In this context, an important programme from UN Women, focused on providing women and girls access to formal education, employment, and skilling reveals that ensuring a second chance was both useful and has tremendous uptake. Among the many stories from the ground, one that stood with me was that of Deepa*, a 28-year-old woman from an economically weak background, who is disabled due to polio. When Deepa could not pass her secondary exams in 2008, she decided to drop out because she felt like a burden on her brother and father who had to physically carry her to school eight kilometres away. It was then that Deepa’s mother came across the option of completing one’s schooling through distance learning, thanks to the interaction of UN Women’s Second Chance Educators with the Self-Help Groups (SHGs) in their village.

Deepa enrolled for the Secondary School Examination through the National Institute of Open Schooling (NIOS), and started attending the classes being organised by the SCE educators at her village. She has taken up five subjects — Business Studies, Hindi, Social Science, Painting, and Home Science.

The transformative change brought in the lives of women and girls like Deepa highlights the relevance of three important factors that will be critical in shaping our post-Covid approach to education. This includes a renewed focus on formal opportunities for women and girls who fall beyond the target age group of schooling, catalytic partnerships, and the availability of various modes of accessing education.

While the in-class experience provides a holistic learning environment, it might be a distant reality for many girls and women belonging to marginalised communities.
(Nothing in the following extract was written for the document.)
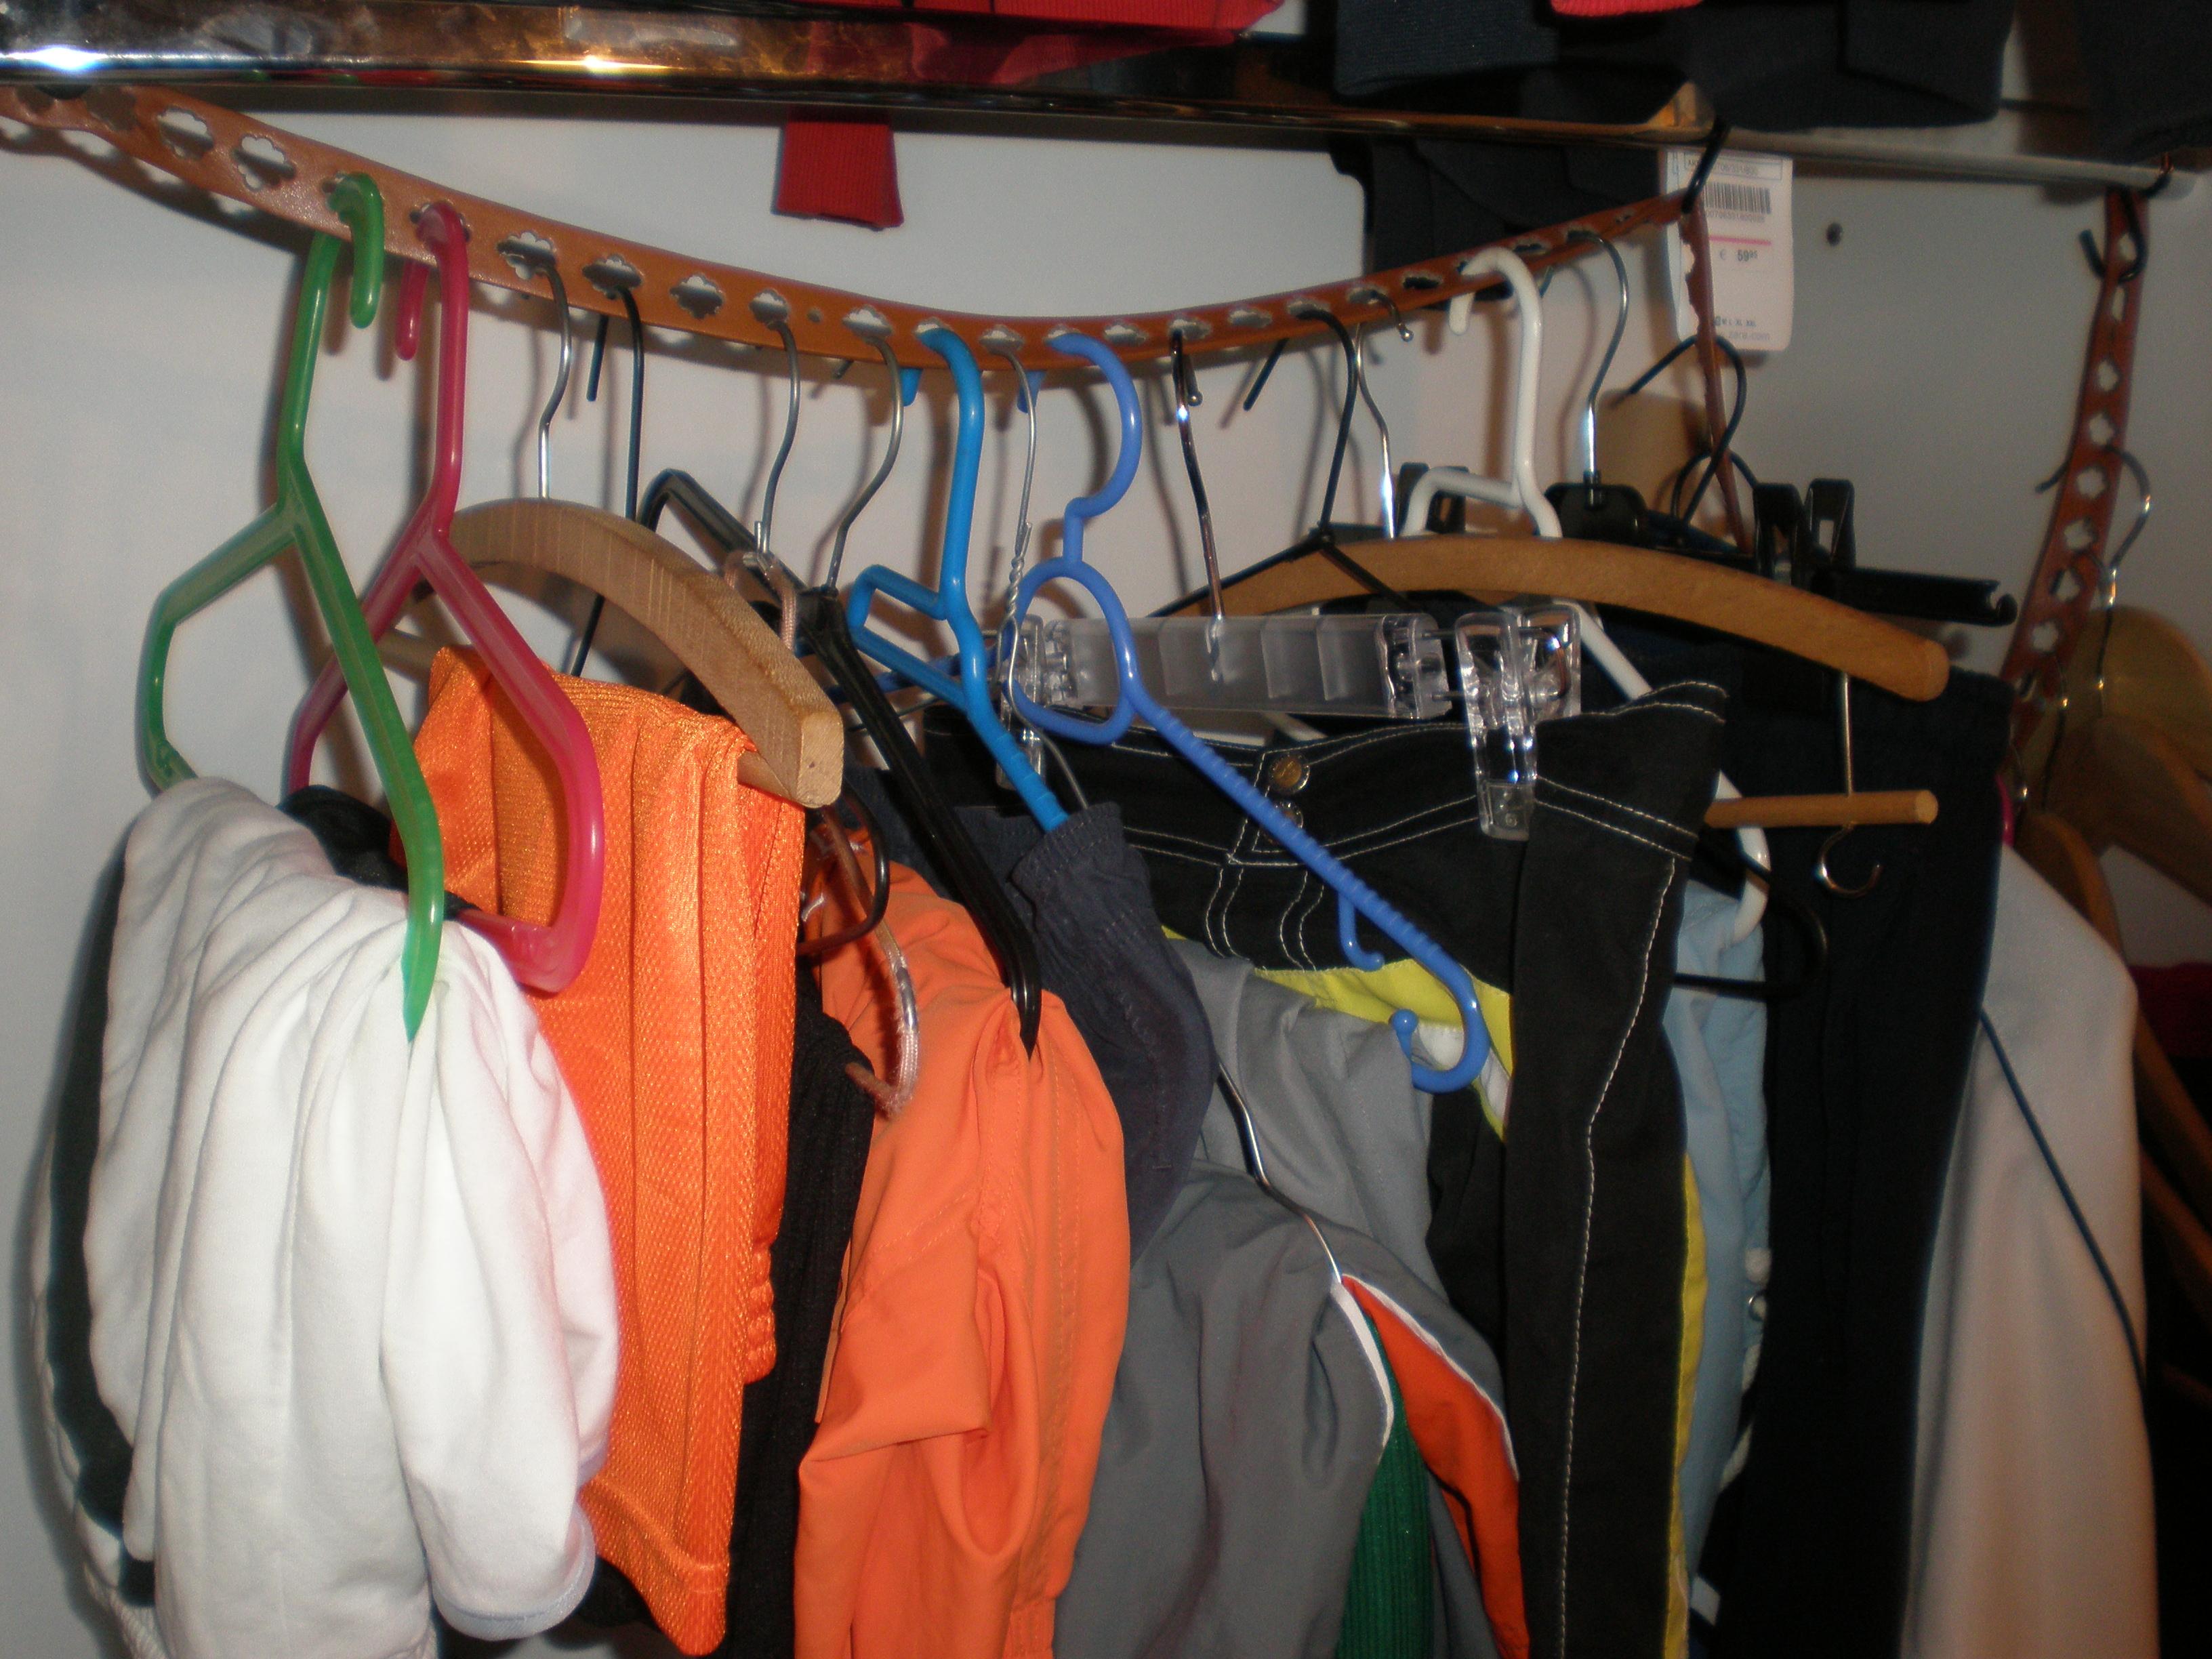 A More Efficient Closet Using Belts
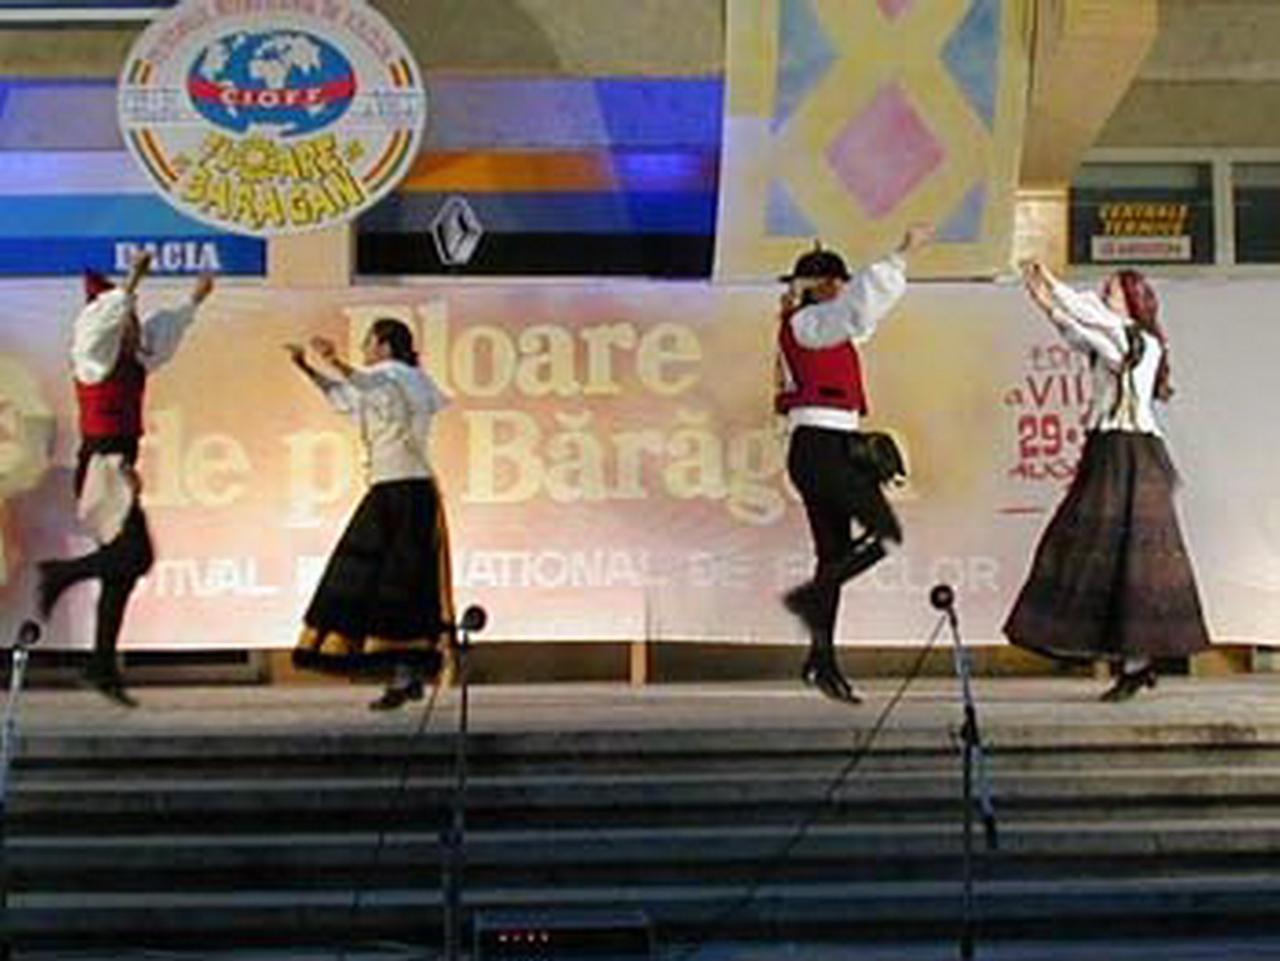 2001 - Ansamblul folcloric \'\'Banda de Gaitas Nova Fronteira & Cartelle\'\' - Spania

However, the realisation of education requires women to be consumers of digital devices and platforms. Putting girls and women on the digital map could lead to a literate and educated India. This International Education Day and National Girl Child day, it is imperative to recognise that different modes of accessing education, digital and/or distance learning during the pandemic, have paved the way to enhancing education for girls and women, especially, post-Covid.

*Name changed to maintain anonymity.

The author is Deputy Representative, UN Women India. Views are personal.